• Prompt
Look through the entries below and copy exactly the part that begins with the line containing "OFF-WHITE OFF-WHITE C/O" and ends with the line containing "Hound & Hammer". Do not copy the pictures.
[Opening Records section]
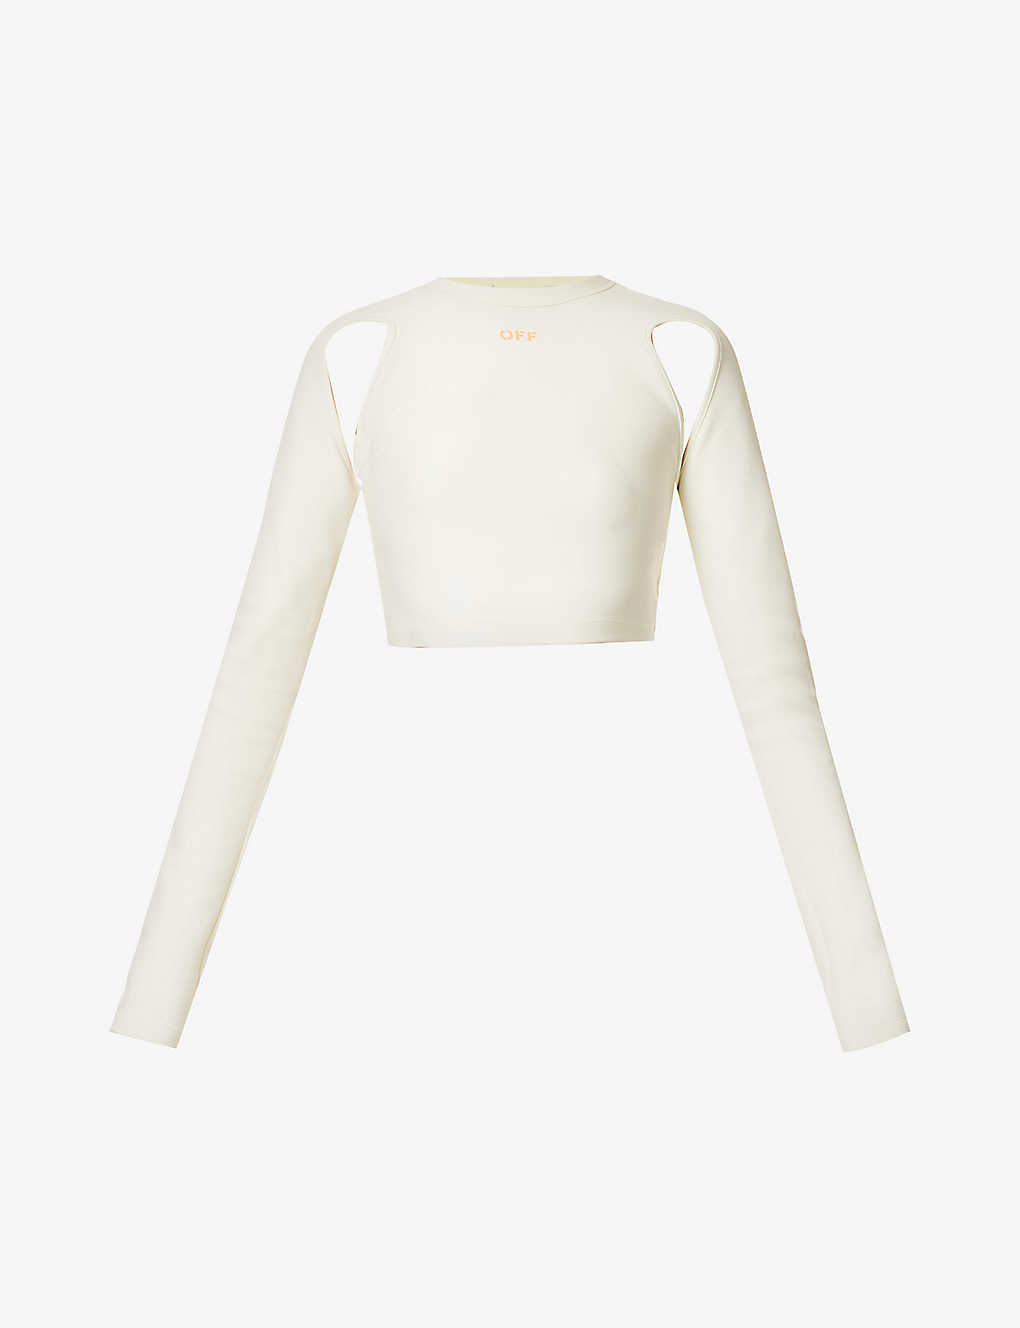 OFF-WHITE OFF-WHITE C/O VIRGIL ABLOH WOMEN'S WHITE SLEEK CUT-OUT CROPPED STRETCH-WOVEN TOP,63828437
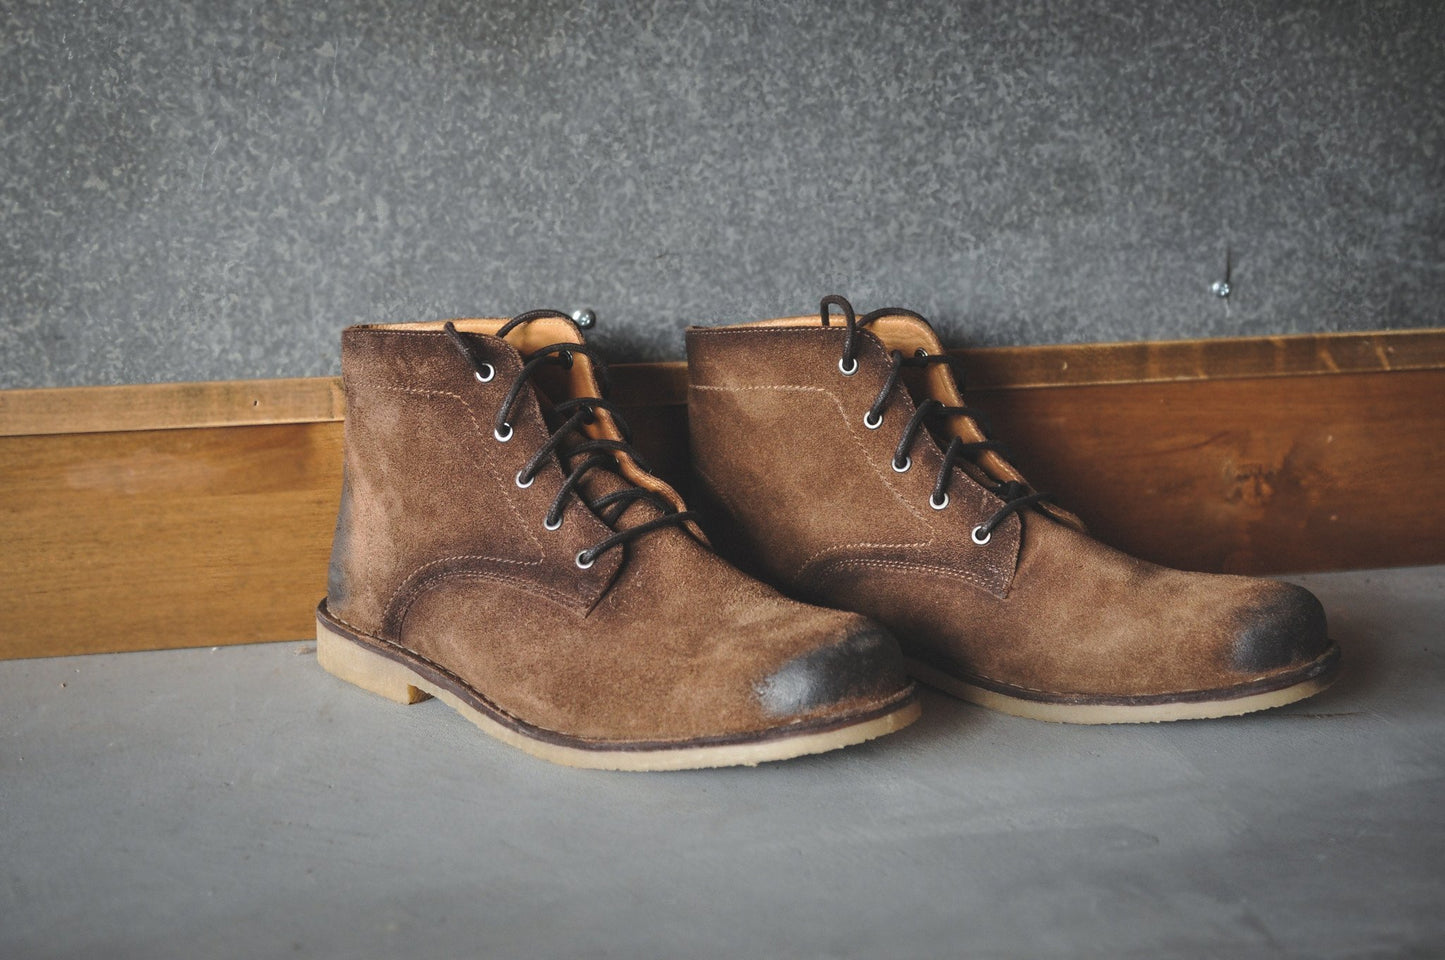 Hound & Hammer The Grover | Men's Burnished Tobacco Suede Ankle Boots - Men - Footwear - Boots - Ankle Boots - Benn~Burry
[Closing Records section]
[Opening Records section]
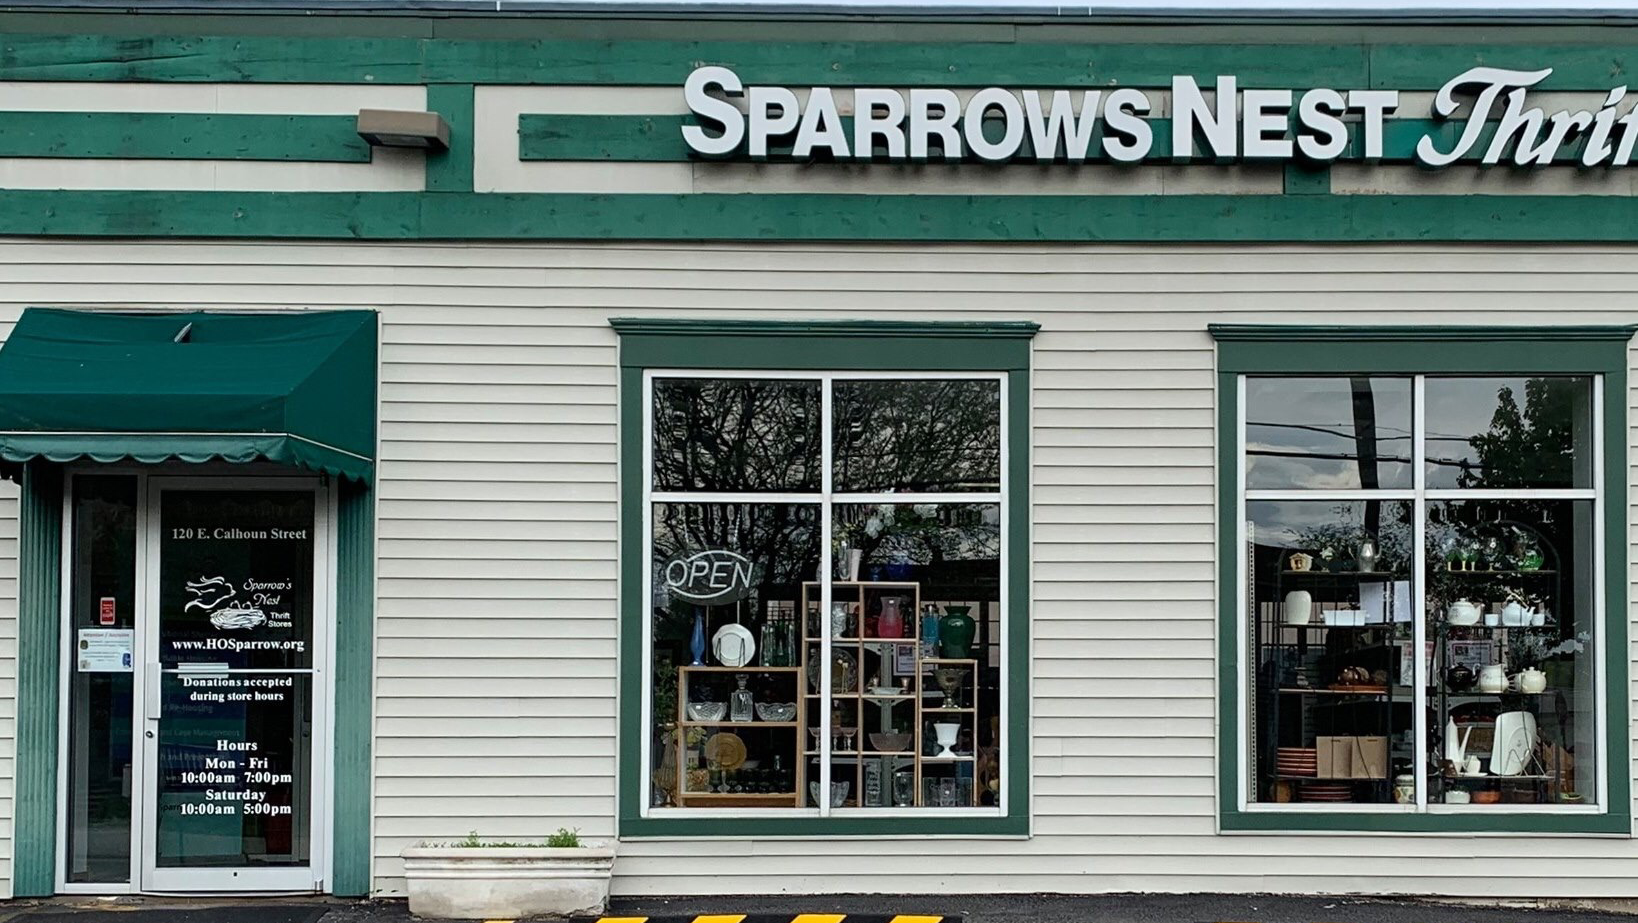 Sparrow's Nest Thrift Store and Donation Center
[Closing Records section]
[Opening Records section]
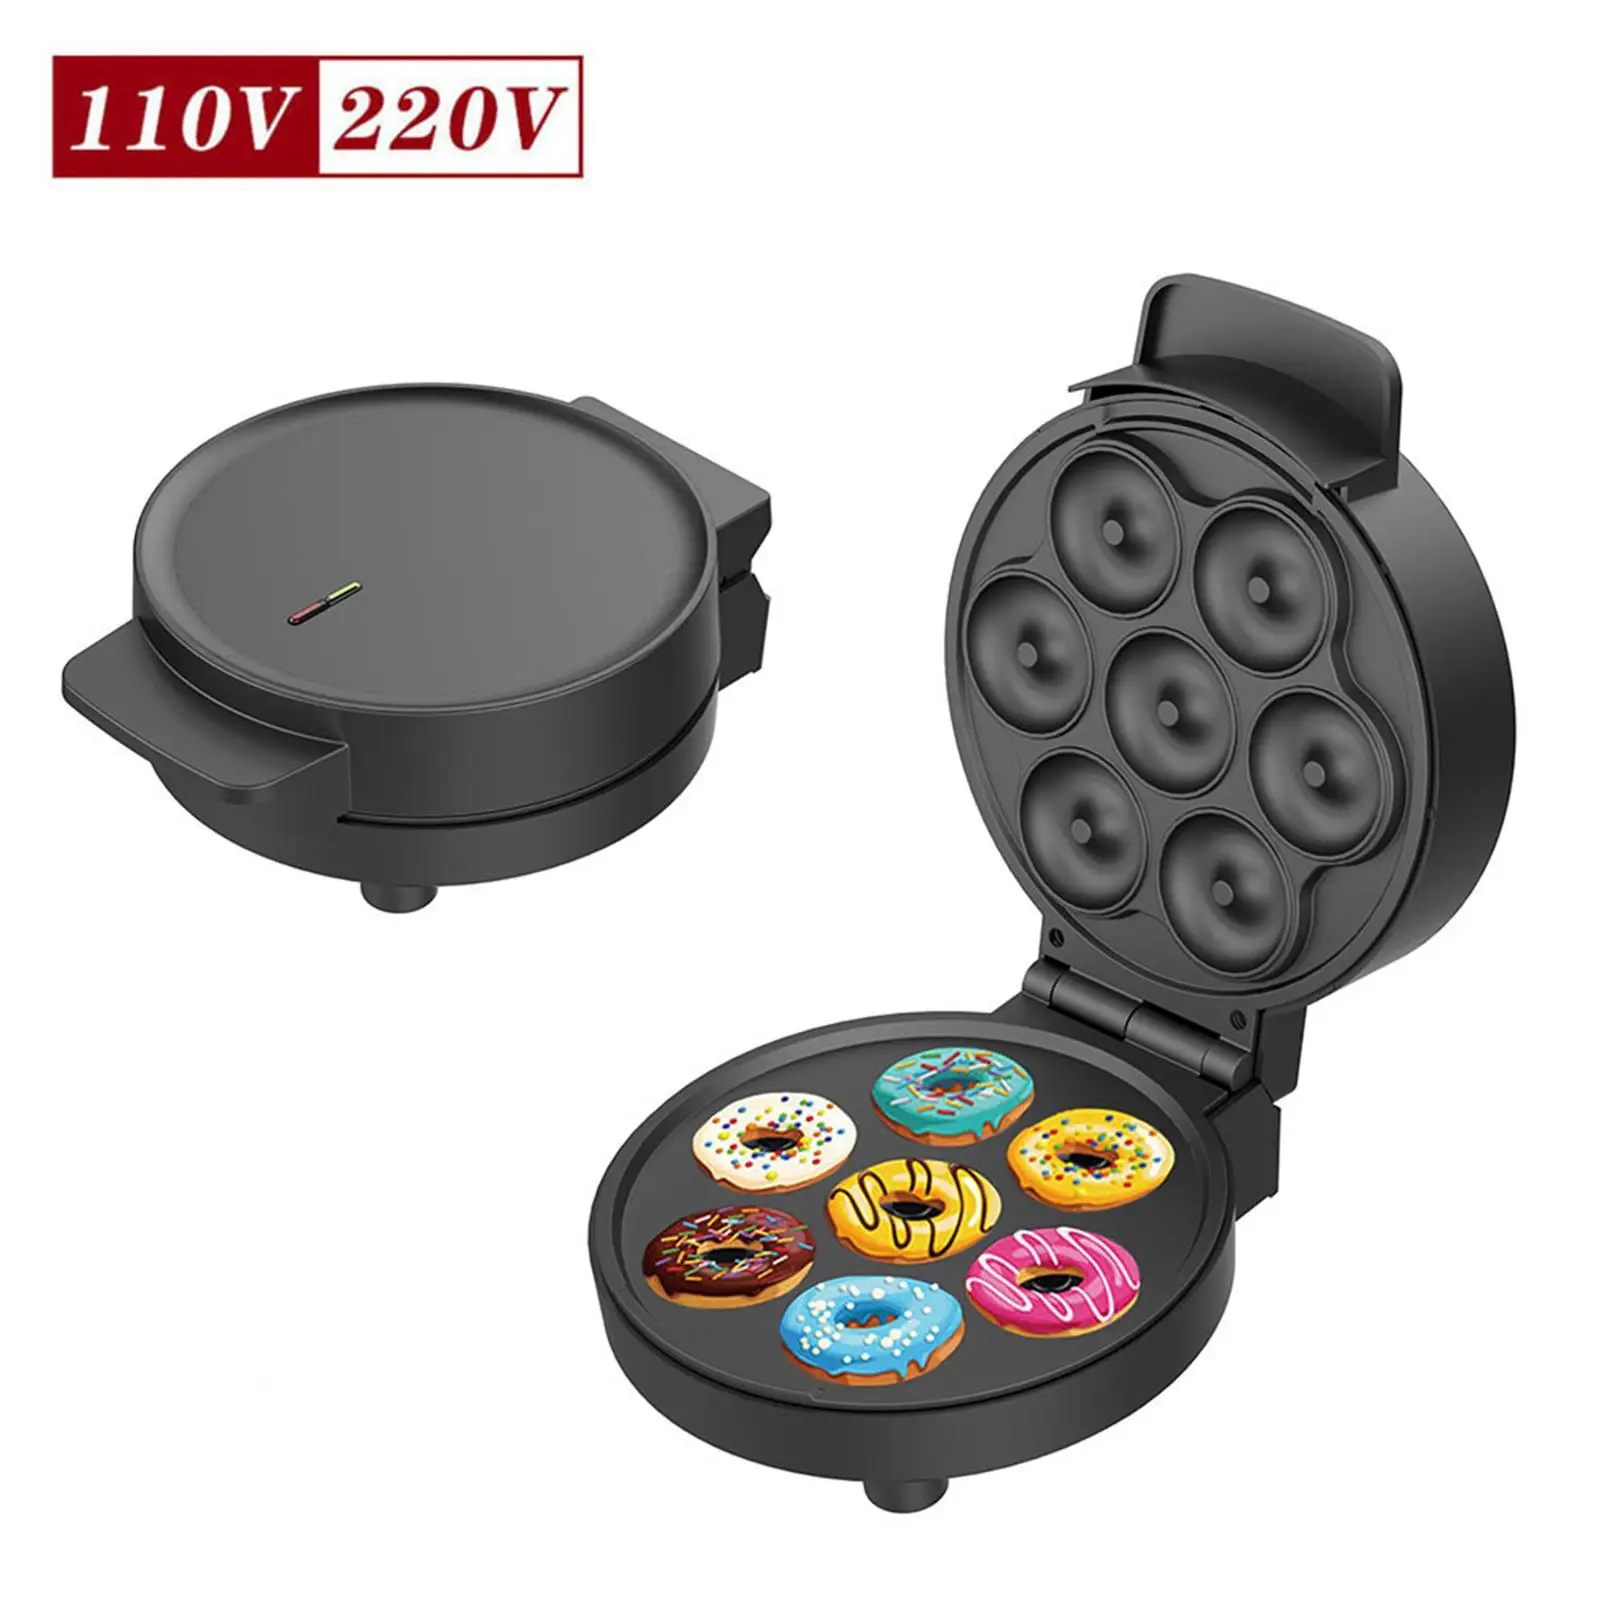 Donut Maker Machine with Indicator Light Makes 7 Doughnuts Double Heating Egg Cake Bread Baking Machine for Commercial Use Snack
[Closing Records section]
• Your response
 OFF-WHITE OFF-WHITE C/O VIRGIL ABLOH WOMEN'S WHITE SLEEK CUT-OUT CROPPED STRETCH-WOVEN TOP,63828437
 Hound & Hammer The Grover | Men's Burnished Tobacco Suede Ankle Boots - Men - Footwear - Boots - Ankle Boots - Benn~Burry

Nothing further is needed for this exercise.